* _The task_
Please return the data word for word and leave out any picture it contains.

BEGIN Available data

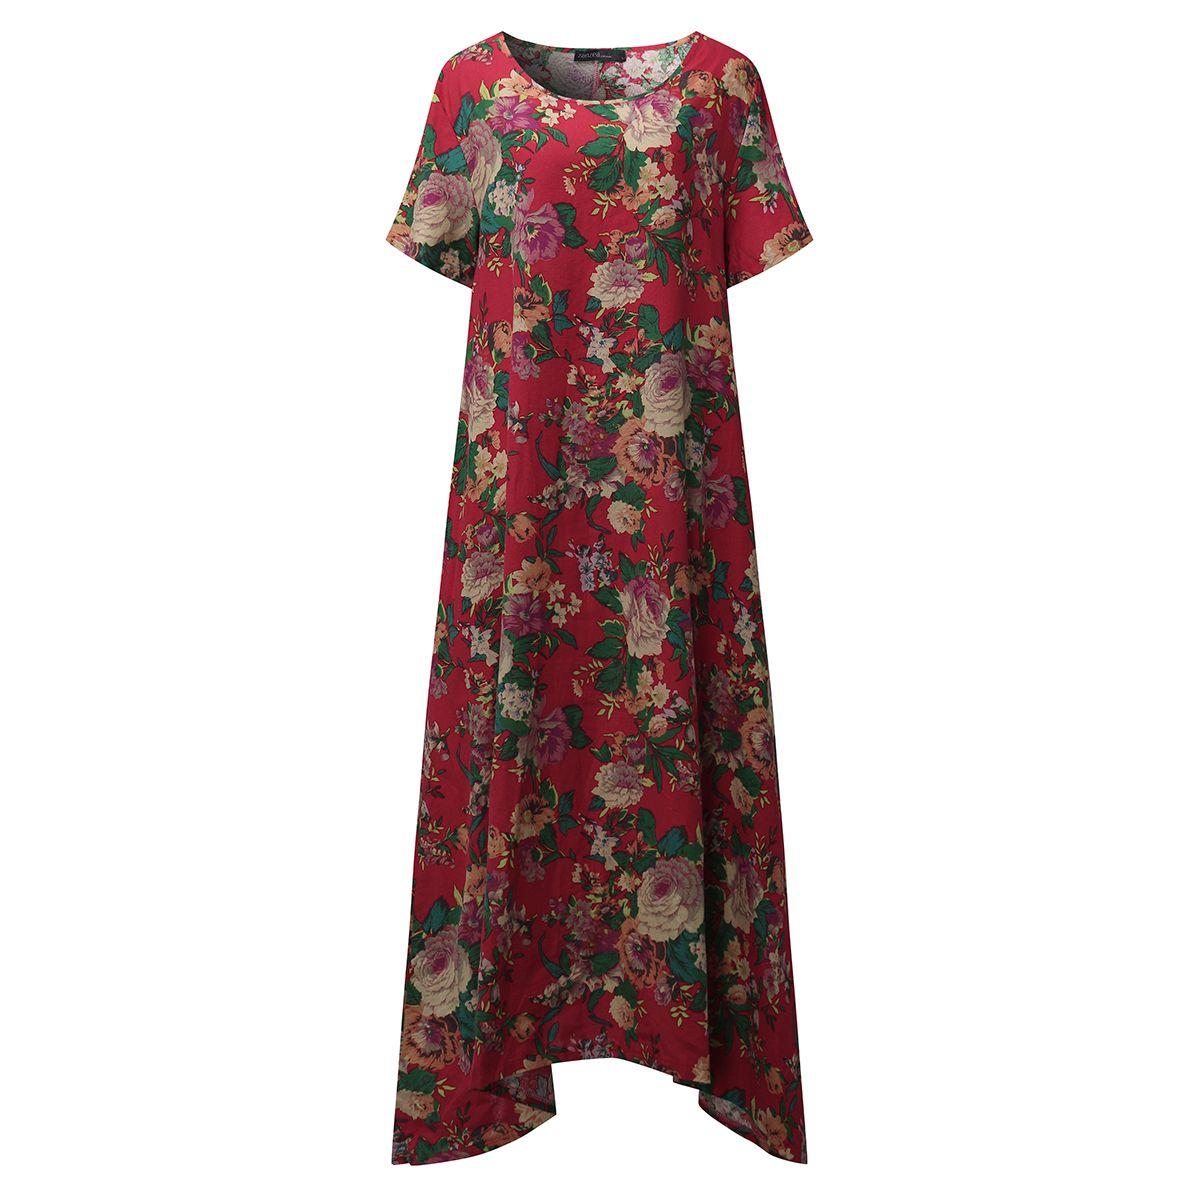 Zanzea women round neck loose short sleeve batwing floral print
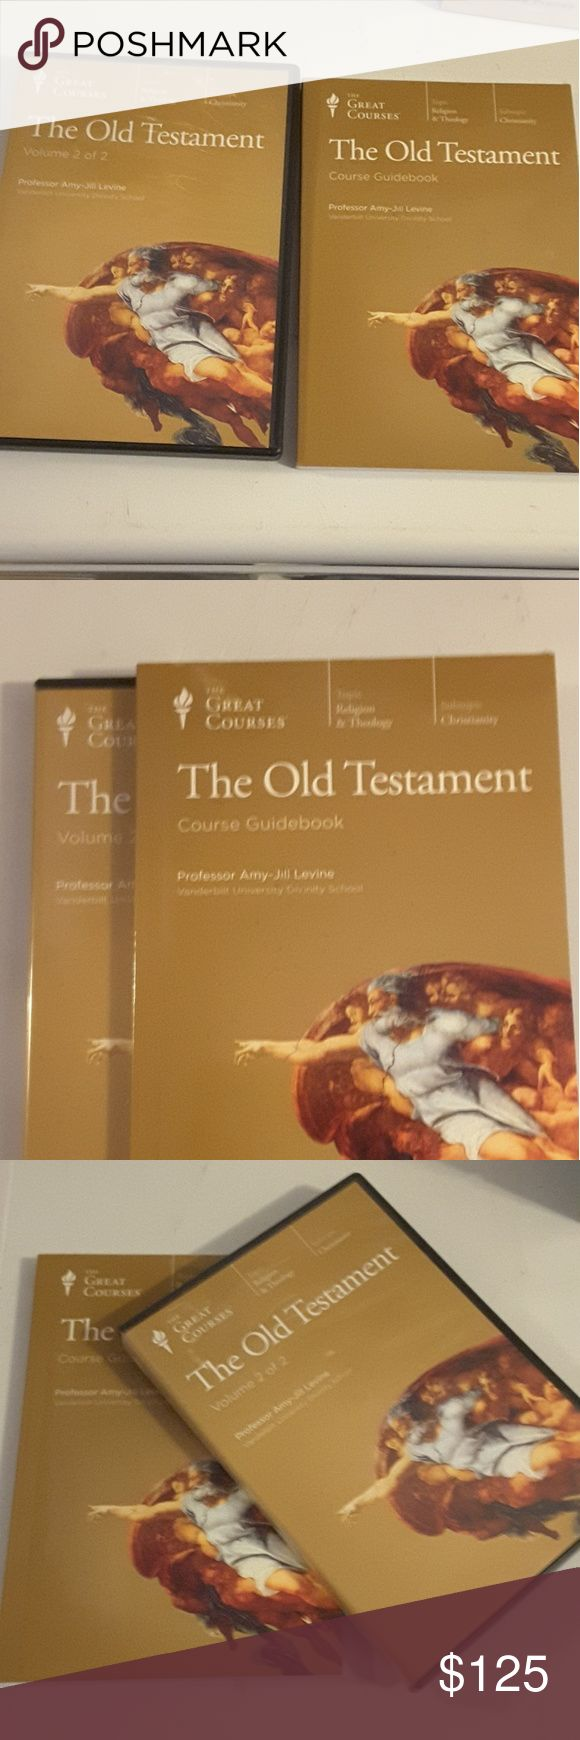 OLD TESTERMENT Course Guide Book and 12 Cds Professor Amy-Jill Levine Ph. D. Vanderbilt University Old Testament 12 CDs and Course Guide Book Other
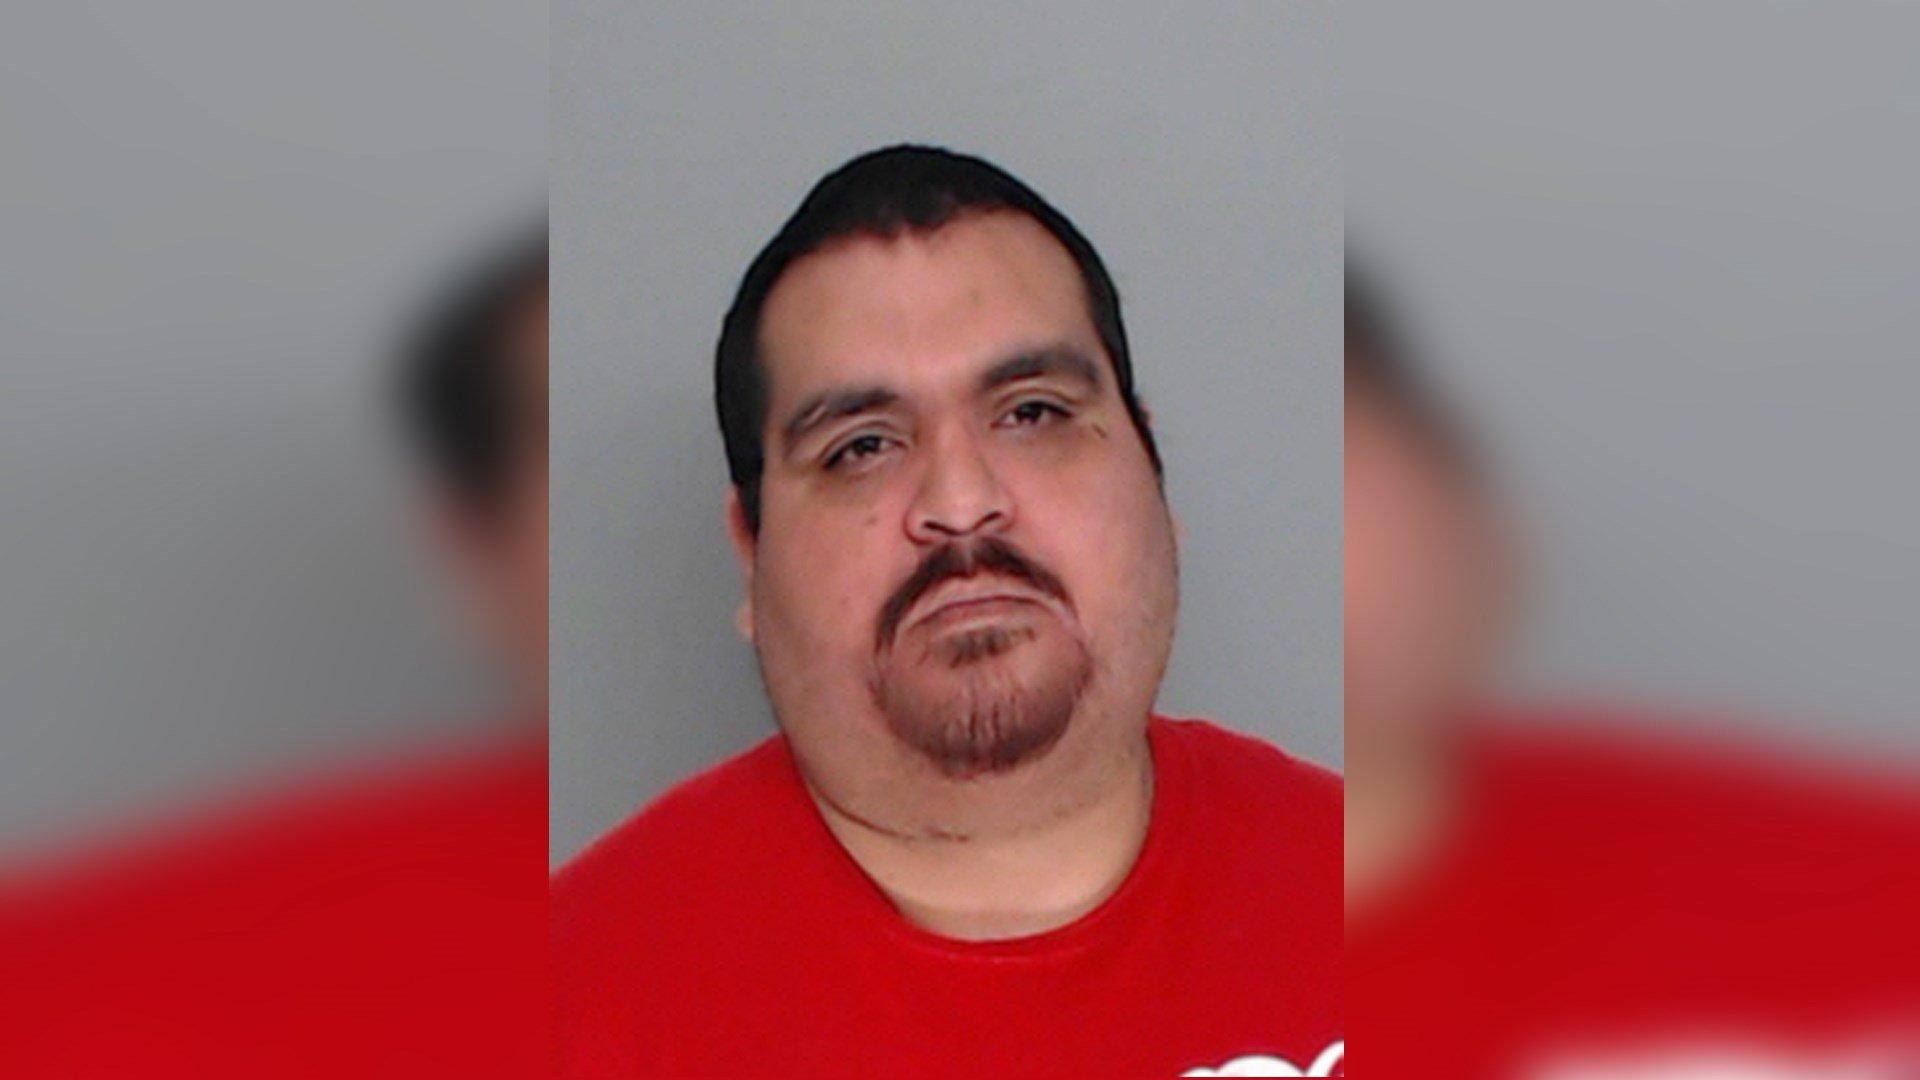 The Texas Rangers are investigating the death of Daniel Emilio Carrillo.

END Available data

* _Written answer_
 Zanzea women round neck loose short sleeve batwing floral print
 OLD TESTERMENT Course Guide Book and 12 Cds Professor Amy-Jill Levine Ph. D. Vanderbilt University Old Testament 12 CDs and Course Guide Book Other
 The Texas Rangers are investigating the death of Daniel Emilio Carrillo.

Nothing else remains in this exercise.